> PROBLEM STATEMENT:
Print the records below exactly, from the line containing "Used 'Bene' white" down to the line containing "Margaritas and candlelight", both lines included, and omit every picture.

> INFORMATION GIVEN:
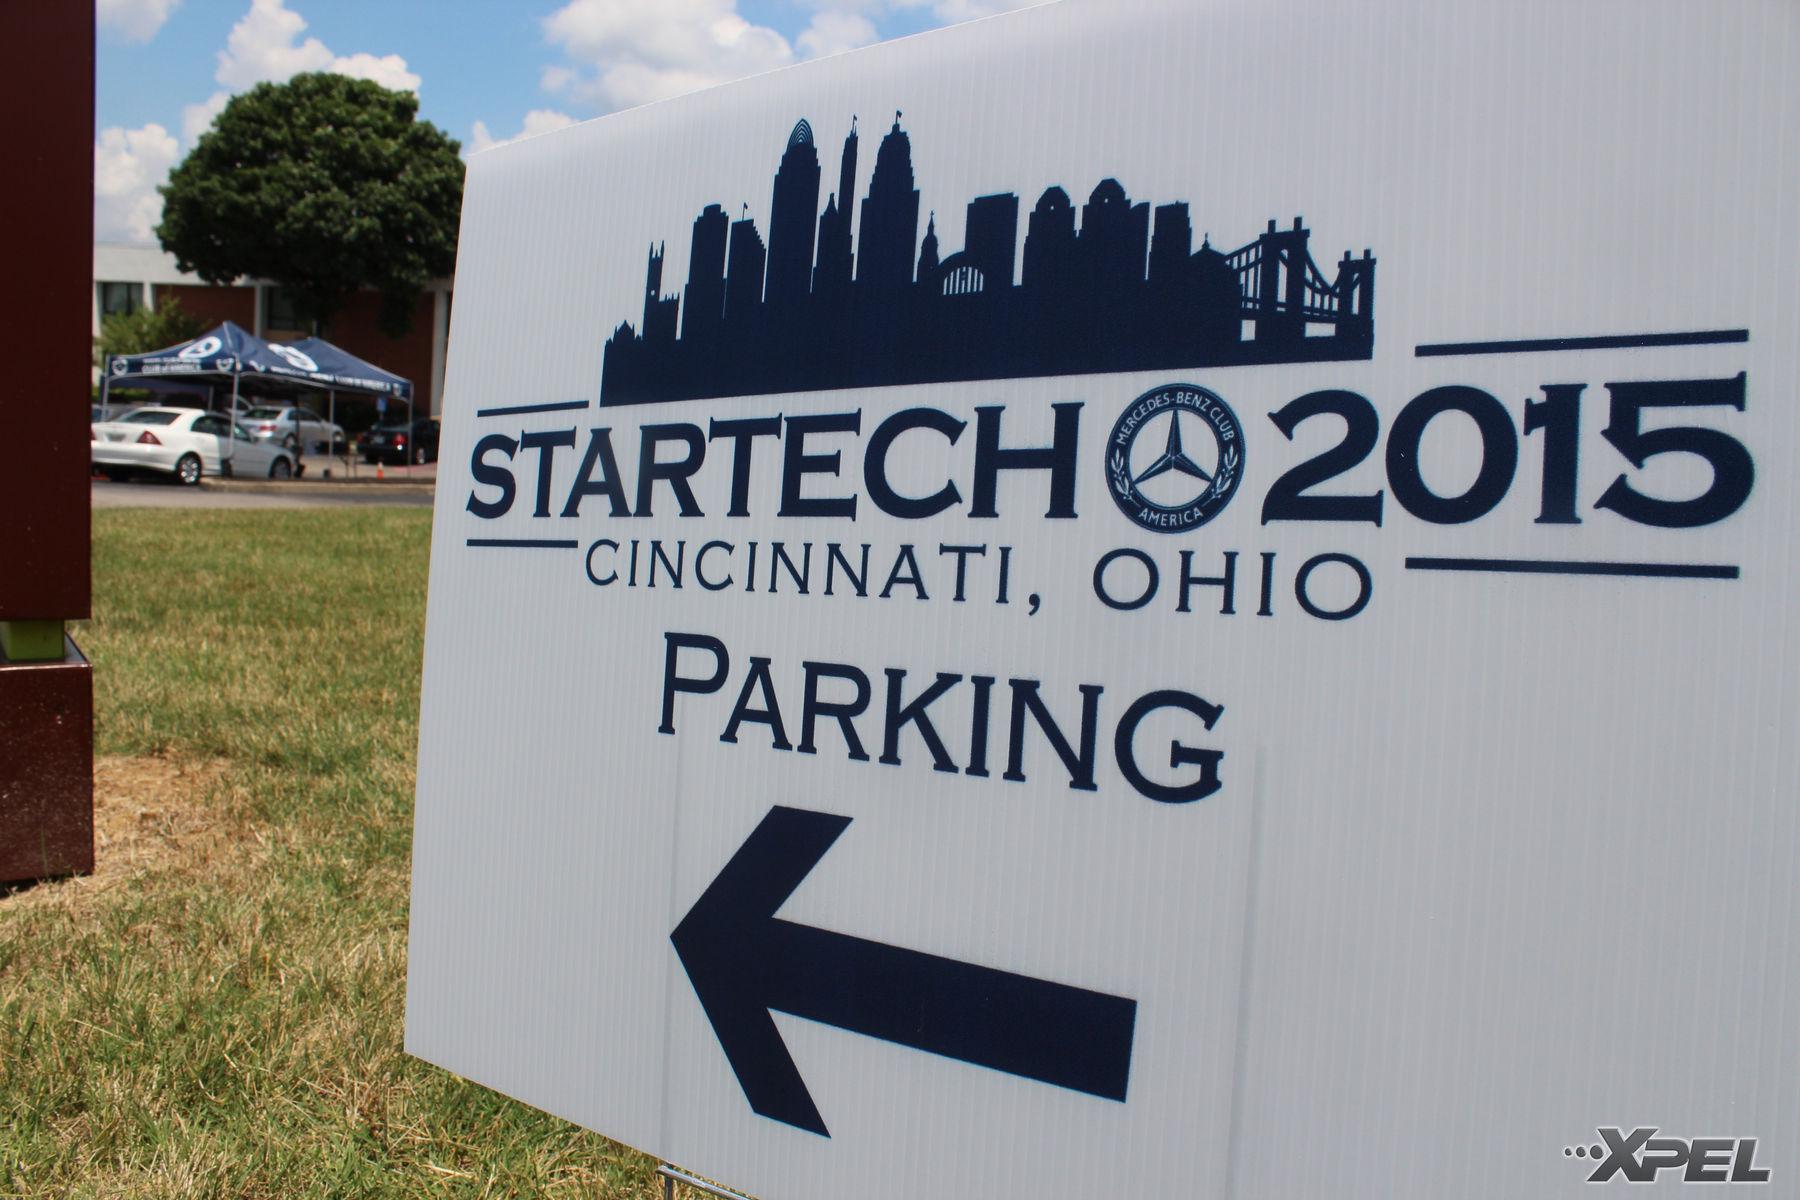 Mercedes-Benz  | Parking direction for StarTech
---
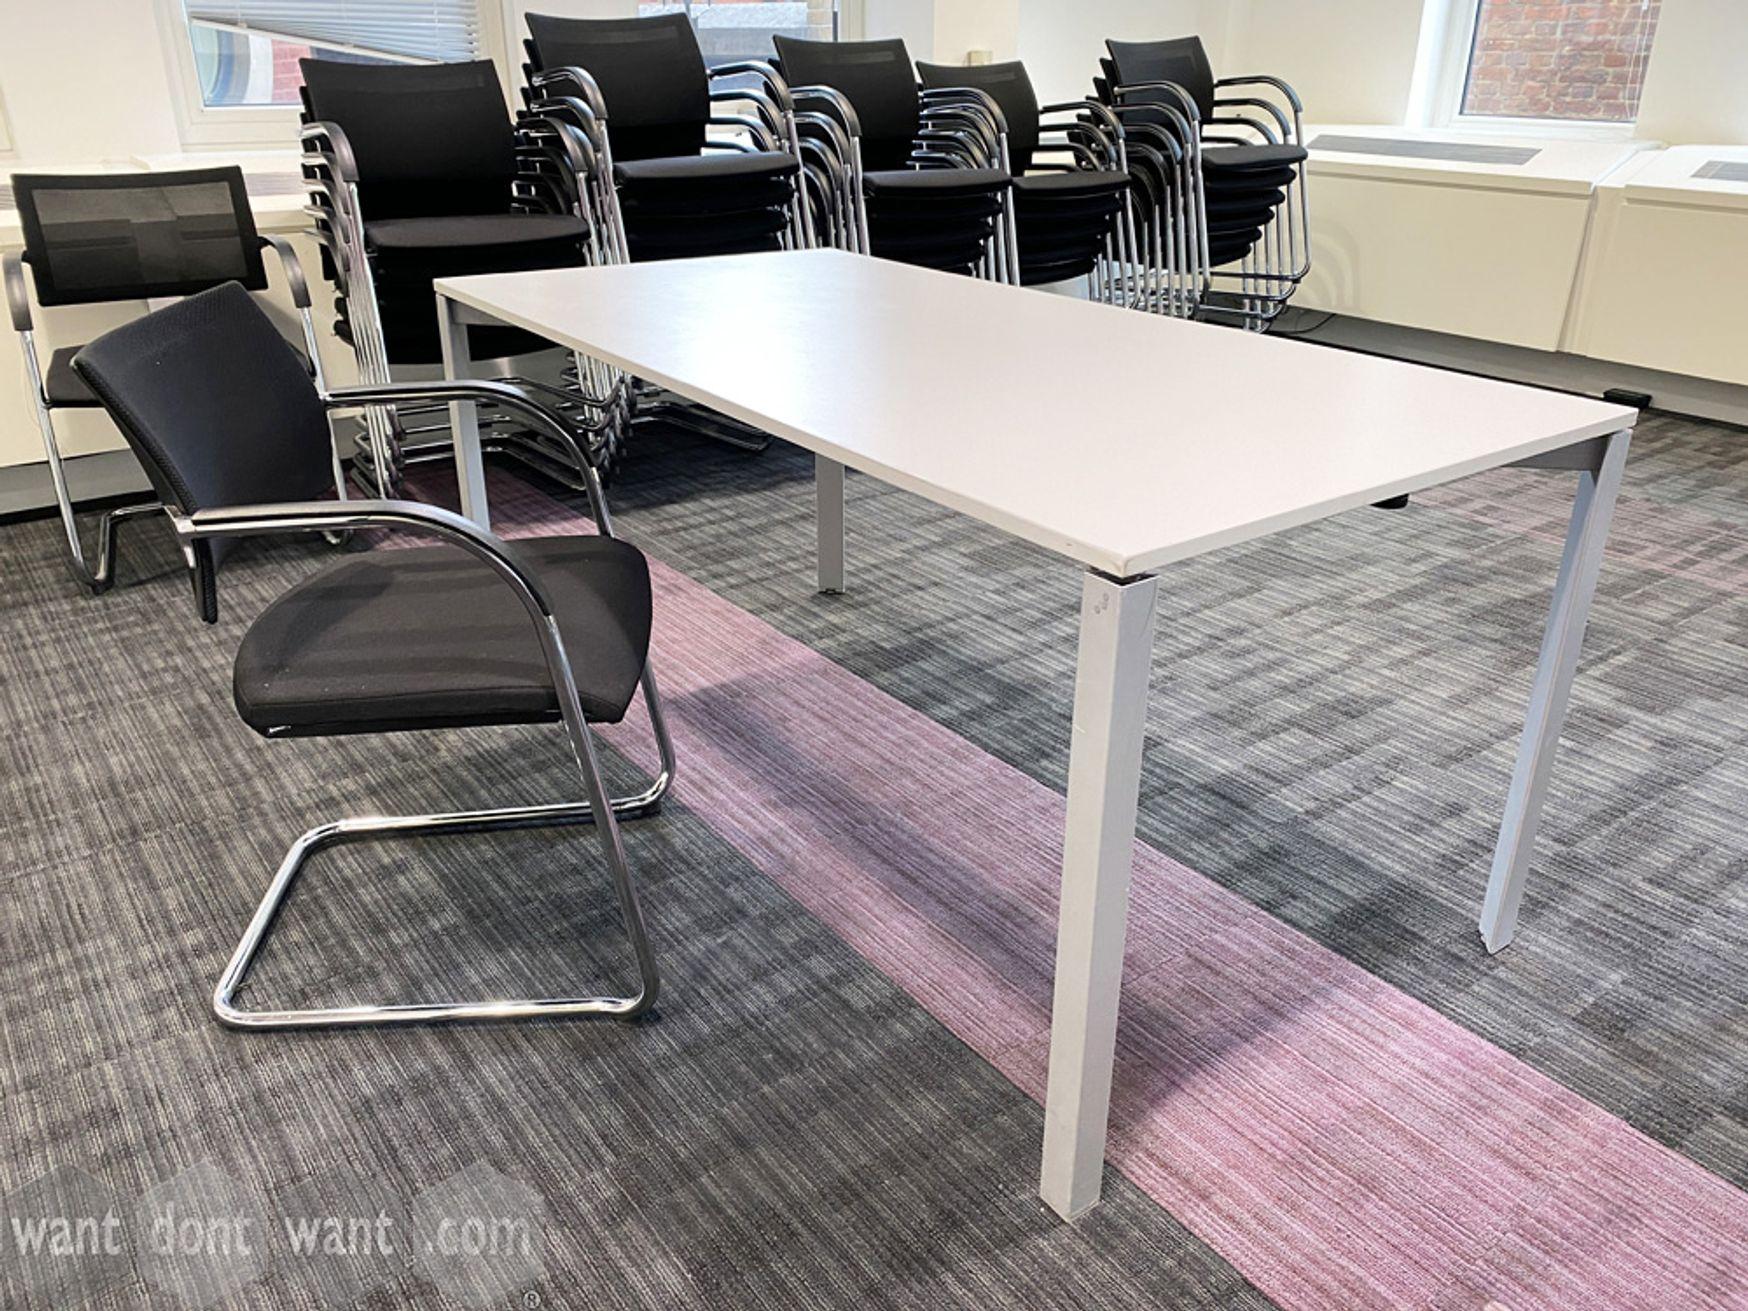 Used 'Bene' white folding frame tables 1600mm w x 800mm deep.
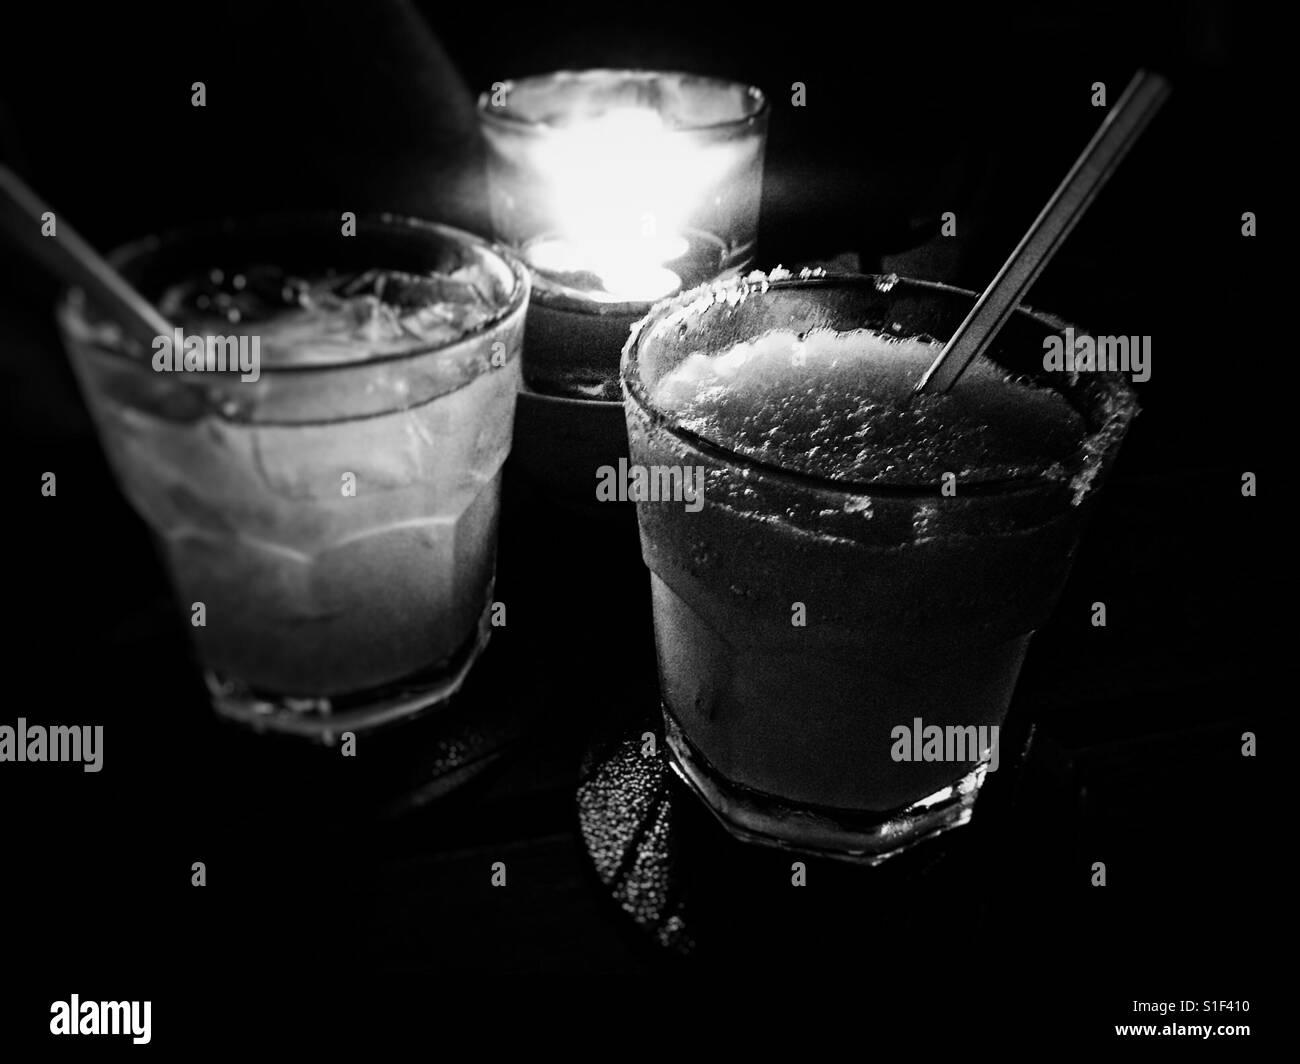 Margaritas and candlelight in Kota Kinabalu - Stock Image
* * *
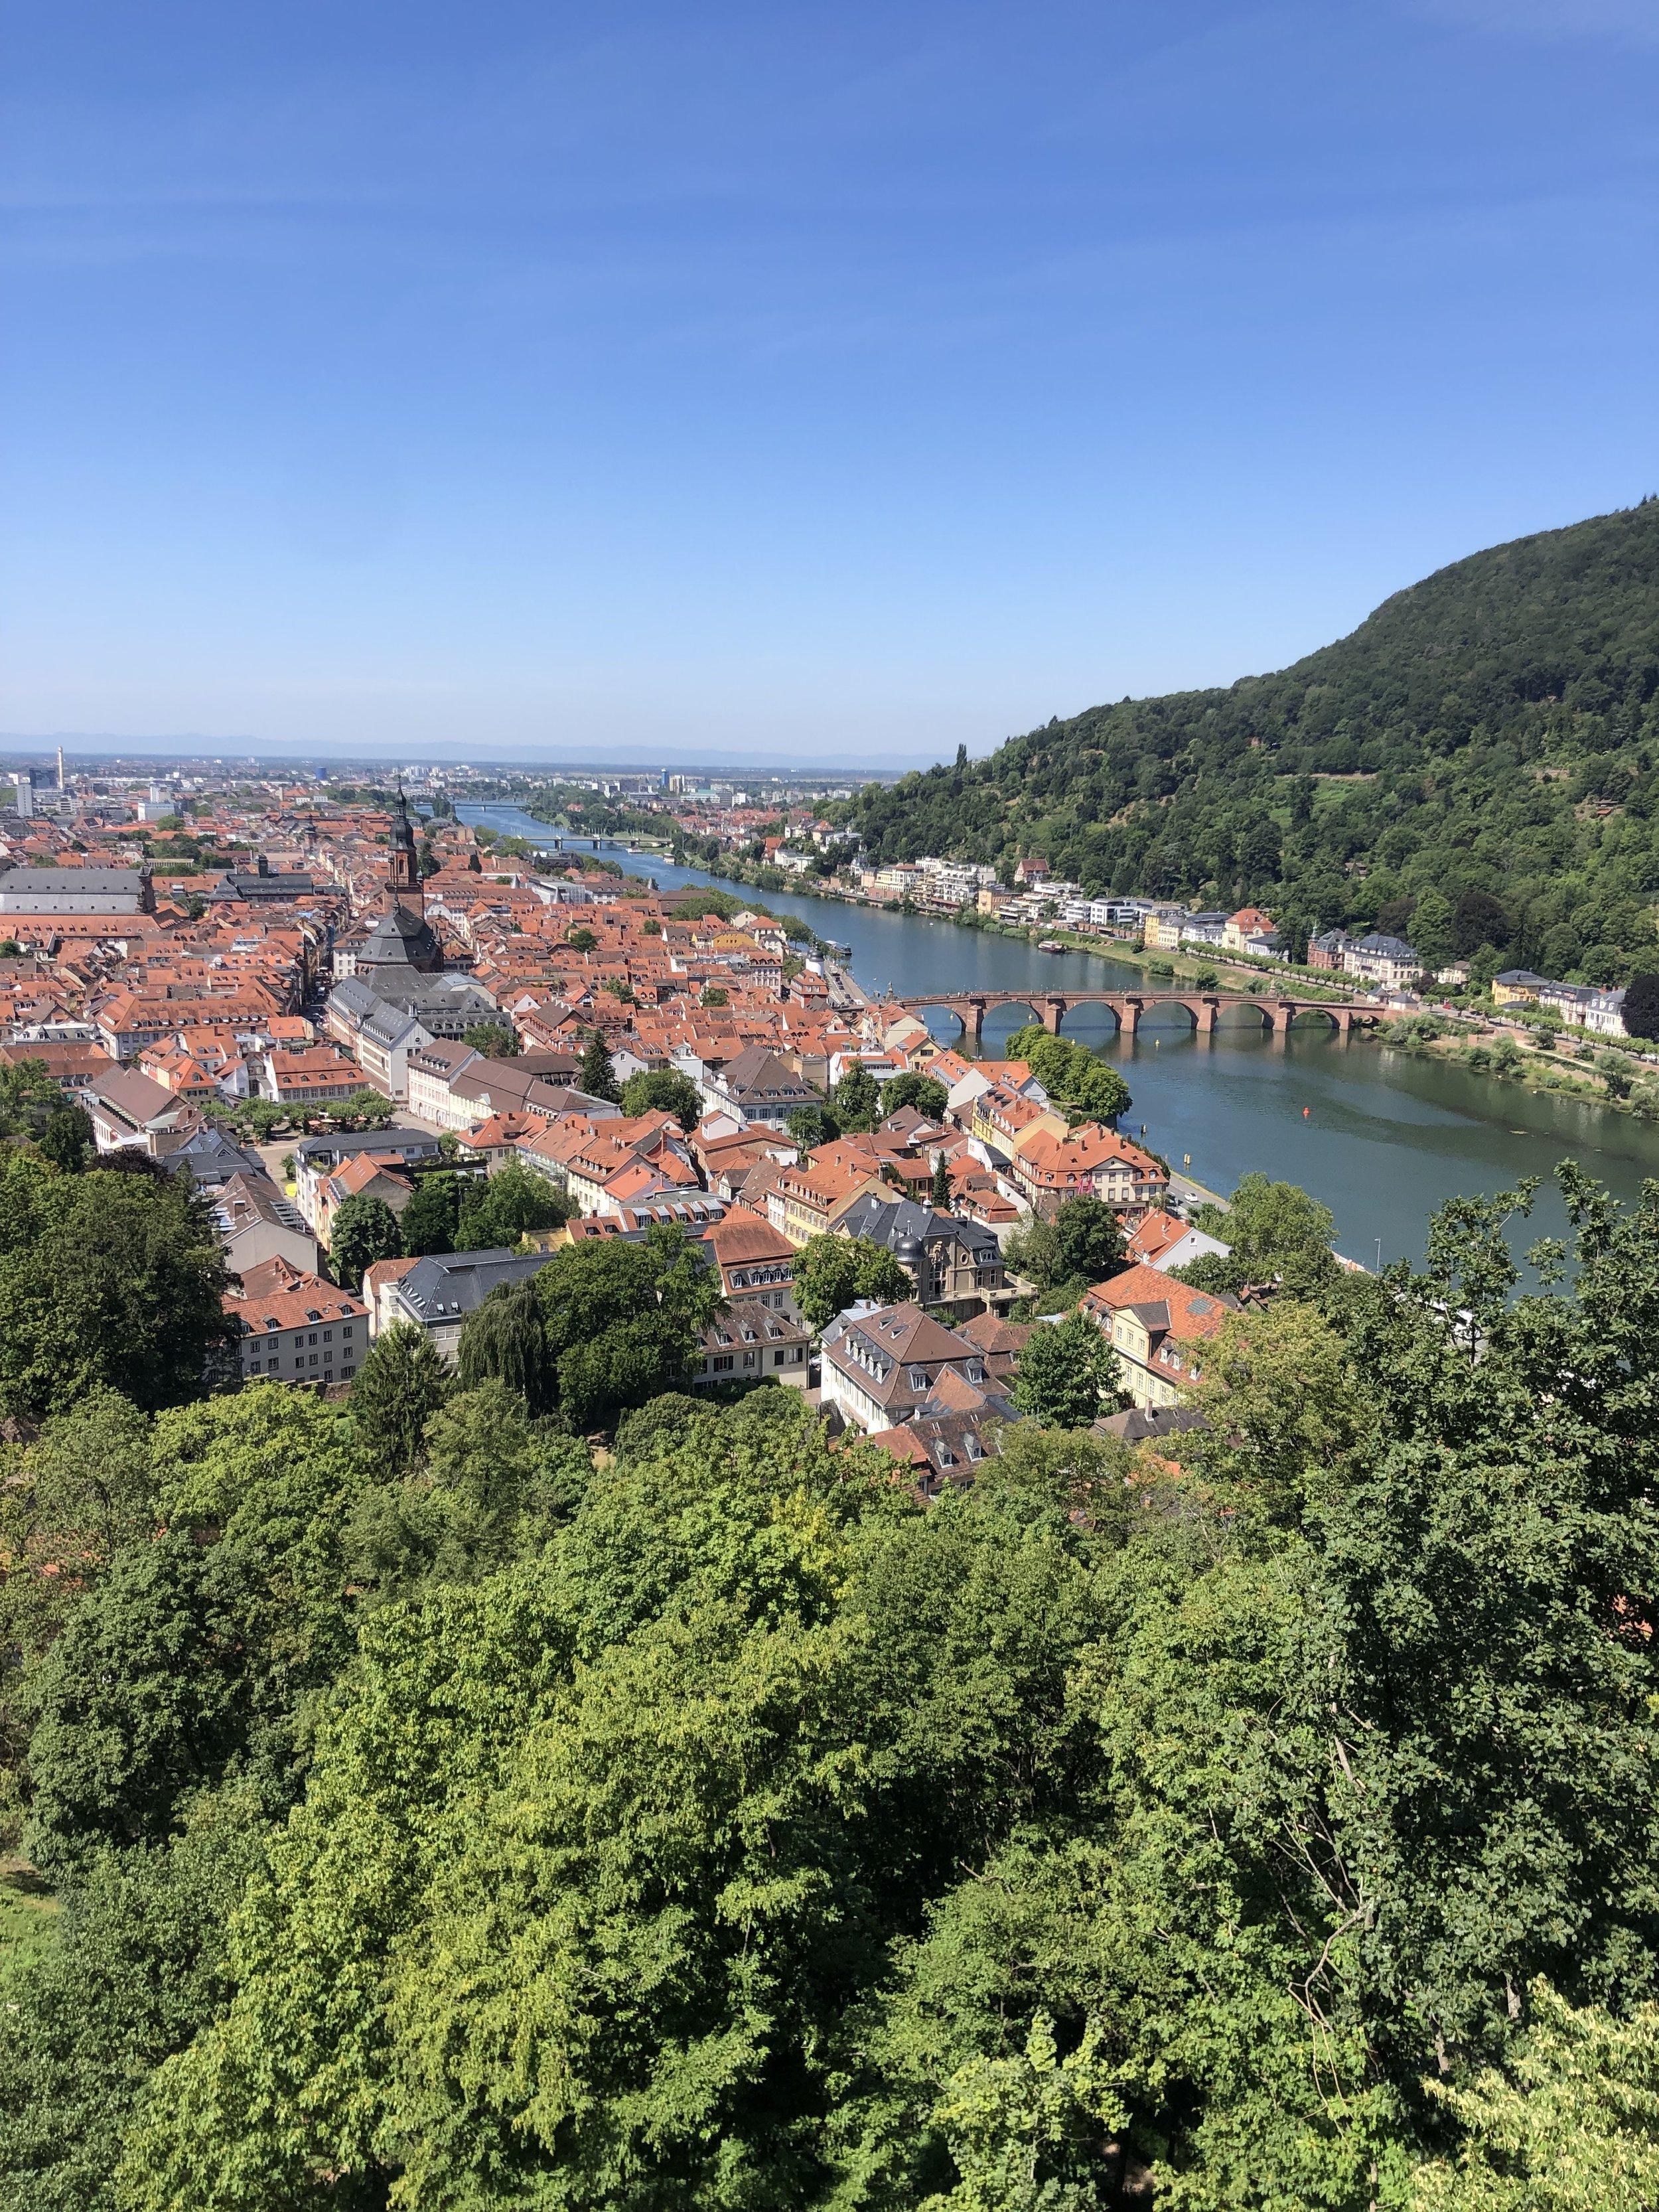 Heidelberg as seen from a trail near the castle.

> EXPECTED ANSWER:
 Used 'Bene' white folding frame tables 1600mm w x 800mm deep.
 Margaritas and candlelight in Kota Kinabalu - Stock Image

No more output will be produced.